Далее перечислялись кары и наказания, которые последуют «в случае невыполнения»…

Деревенская собака — существо особенное, не очень похожее на своих городских собратьев. С момента, когда мать перестает кормить ее своим молоком, она никогда не бывает сытой: среди хозяев широко распространено удобное для них и вполне дикарское убеждение, что досыта кормить собаку не следует, тогда она будто бы злее и лучше сторожит. Дополнительных источников пищи вроде свалок, мусорных куч и ям, которые бывают в городах, в селах не существует. В отличие от горожан сельский житель, ни старый, ни малый, не выбросит куска хлеба, даже корки, да и вообще ничего съедобного. Все съедают или сами люди, или скот. Некоторым из собак, немногим, перепадает пищи больше, но за это они платят свободой: всю жизнь такие собаки сидят на цепи. Большинство ведет жизнь полуголодную, но привольную и независимую. Жидкое хлёбово, вернее, помои, которые дают собаке раз или два в сутки, могут уморить кого угодно, но собака живет. Не знающая о существовании намордников и поводков, она не упустит случая стянуть все съедобное или даже полусъедобное, если оно плохо лежит. Но такое счастье выпадает редко, и почти всегда за него приходится расплачиваться боками. Ее ничему не учили, о ней никто не заботится ни в зной, ни в лютую стужу, ни в ливень, ни в метель. Недаром человек крайнюю степень своих бед называет собачьей жизнью. Она всему учится сама, сама лечится, если болеет, в одиночку переносит все невзгоды и превратности своего воистину собачьего существования. Может быть, постоянный голод и всевозможные беды сделали ее озлобленным, угрюмым зверем, ненавидящим такую жизнь и виновного в ней своего хозяина? Нисколько. Она всегда жизнерадостна и неизменно преданна хозяевам. Собака знает только тот узкий мирок, в котором живет, не думает о других и не стремится к ним. И, уж конечно, свою голодную, жестокую, но свободную жизнь она не променяет на сытое арестантское прозябание городских соплеменниц.

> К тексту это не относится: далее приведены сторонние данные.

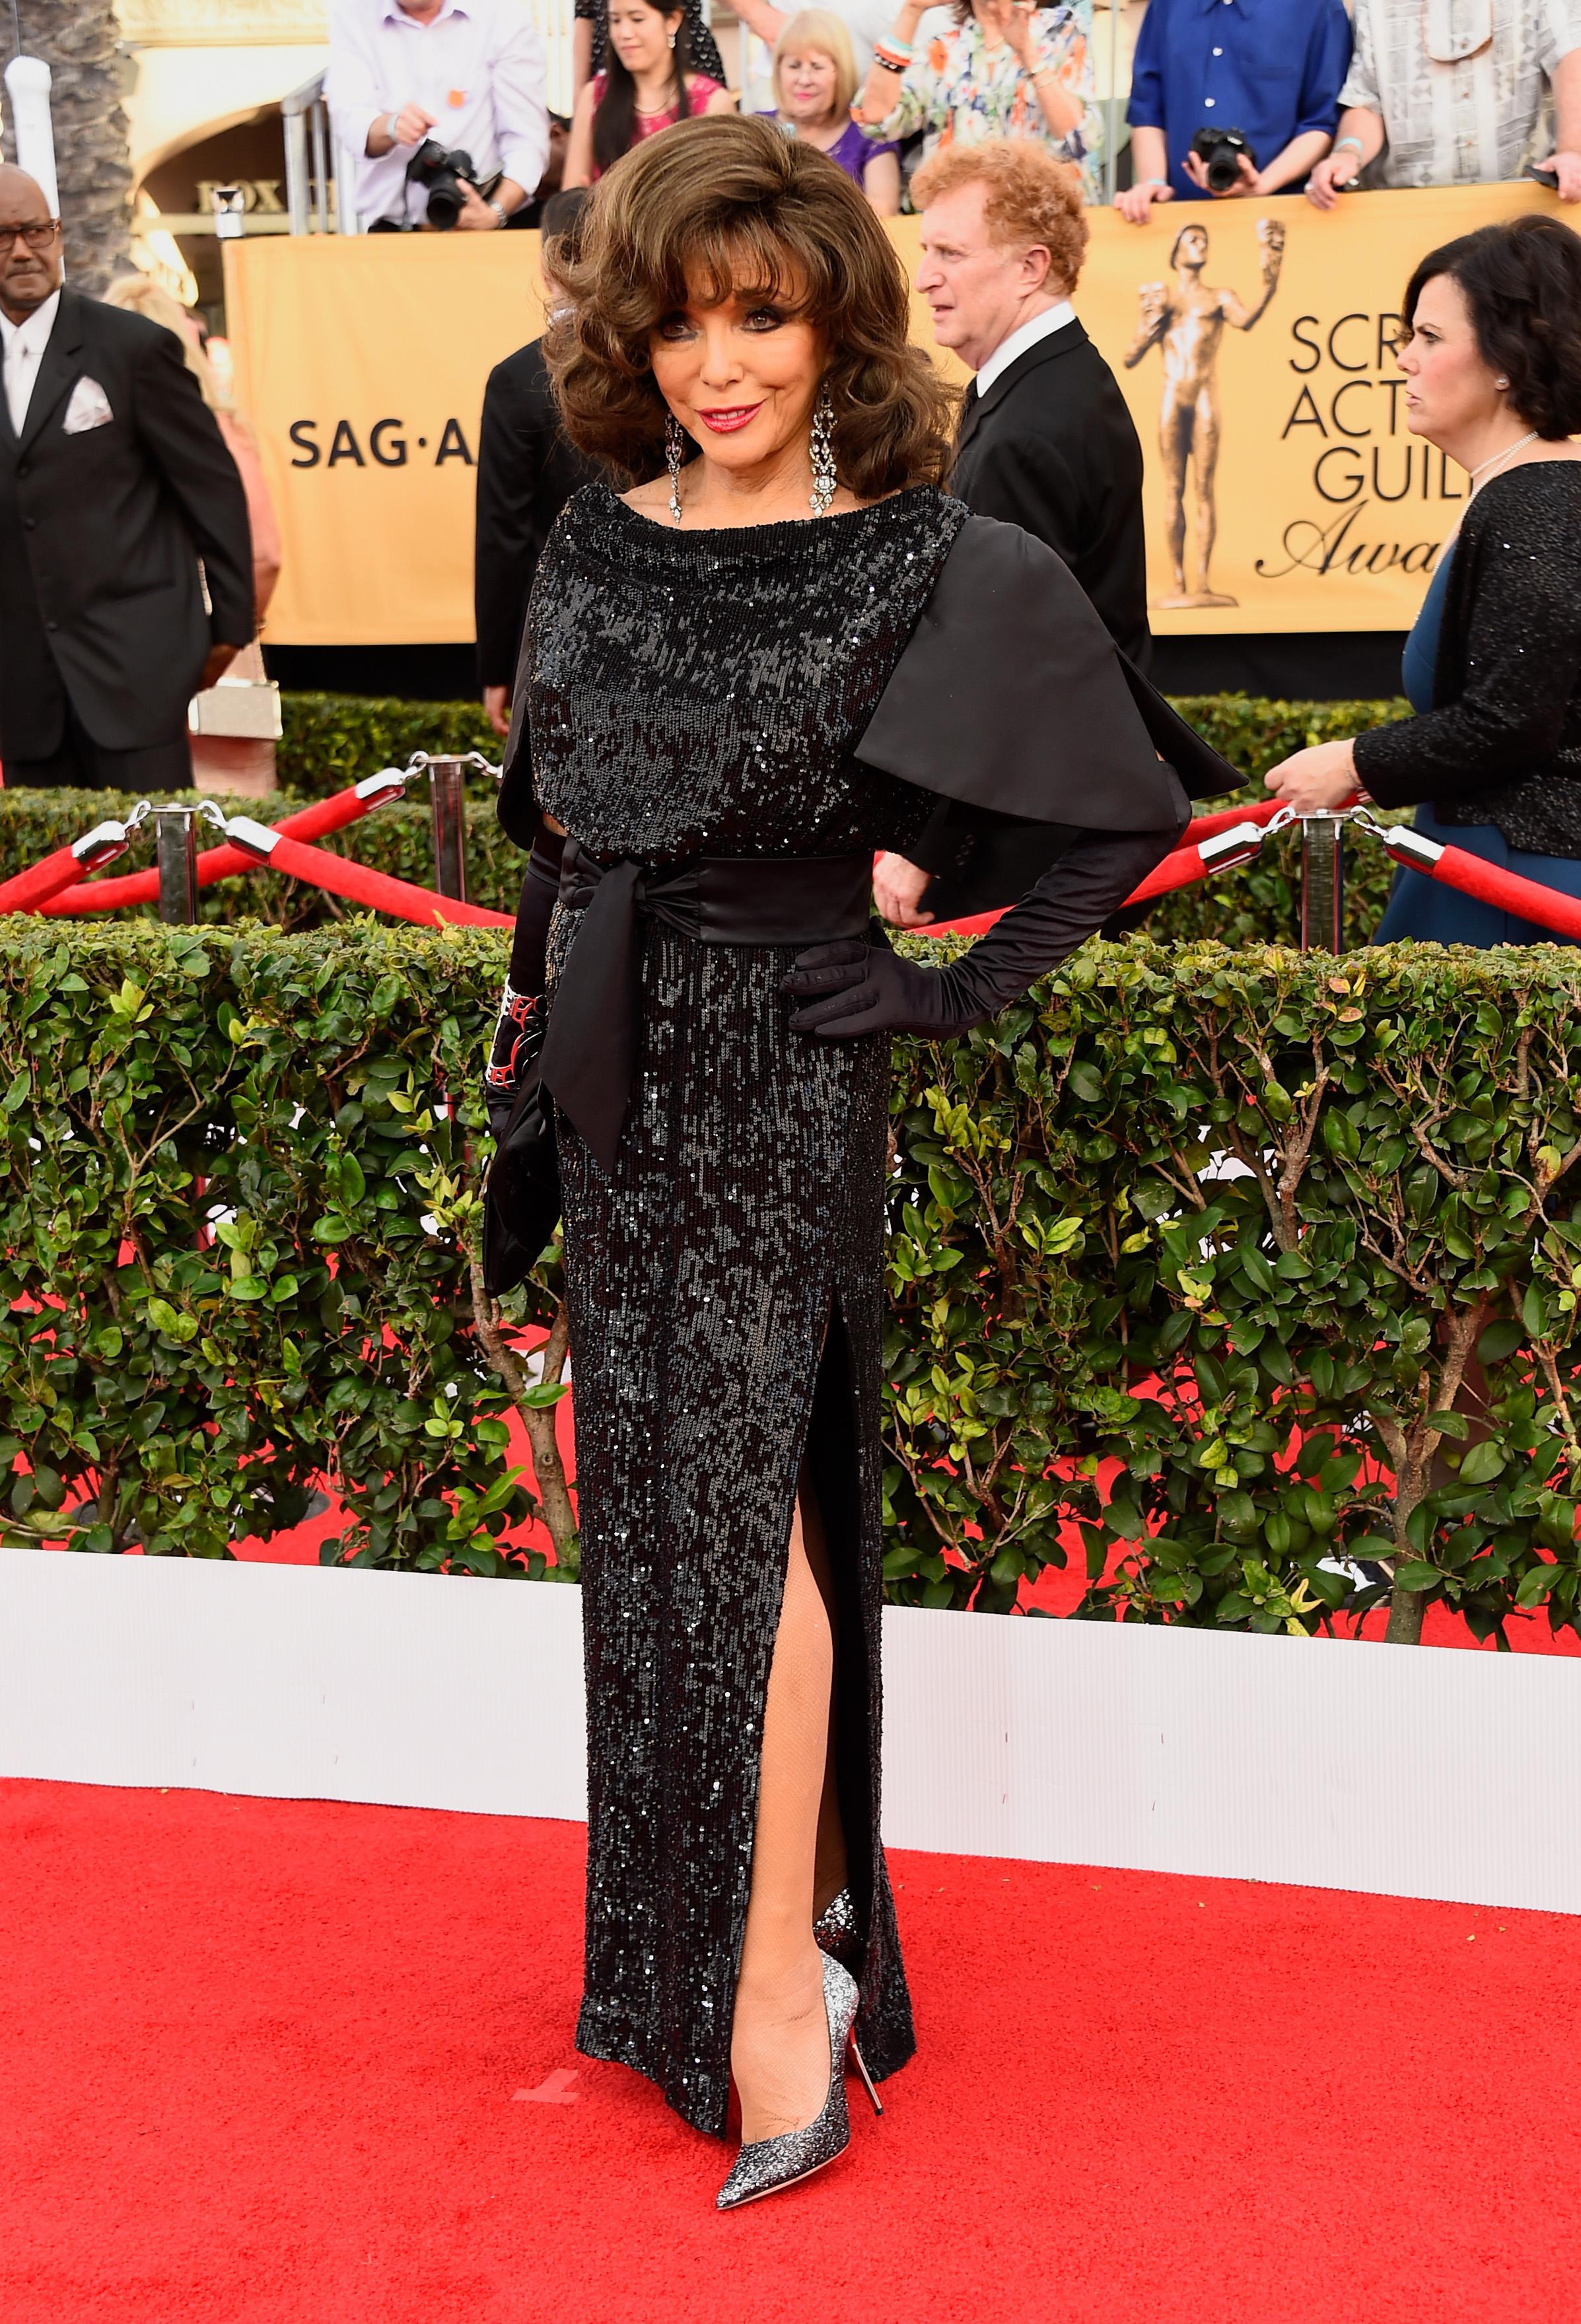 SAG Awards Alexisly Played: Joan Collins - Go Fug Yourself

И не думайте, что любой прохожий может завоевать ее расположение и даже любовь куском хлеба или мяса. Брошенный кусок она сглотнет мгновенно, но столь же мгновенно вцепится в ногу бросившего, если он переступит дозволенный предел.

Деревенскую собаку никак нельзя назвать бродячей. Она твердо знает место своей неоформленной прописки и — о, благородное, бескорыстное собачье сердце! — любит своих хозяев, даже если они жмоты. И охраняет их, не щадя живота своего. Ночью она всегда на посту — ближе к хате — и отпугивает опасности добросовестным брёхом. Спит собака только урывками и то вполглаза, чутье же и слух бодрствуют даже во сне. Днем она неизменно на страже всего своего участка. Пределы этих участков строго ограничены усадьбой, прилегающим отрезком улицы и, по неписаной собачьей конвенции, никогда не нарушаются. Нарушителю конвенции грозит расправа короткая, но жестокая. Кому случалось проезжать по селам, тот всегда наблюдал одну и ту же картину. Как только подвода или машина пересекают границу усадьбы, собака, до этого спокойно лежавшая в тени, бросается на нее со свирепым лаем, и преследует до следующей границы. Там чужаков встречает хозяйка следующего участка, а первая мгновенно умолкает, трусит обратно и, покрутившись вокруг хвоста, укладывается на прежнее место. А эстафета бдительности передается все дальше и дальше, пока не угаснет на выезде из села.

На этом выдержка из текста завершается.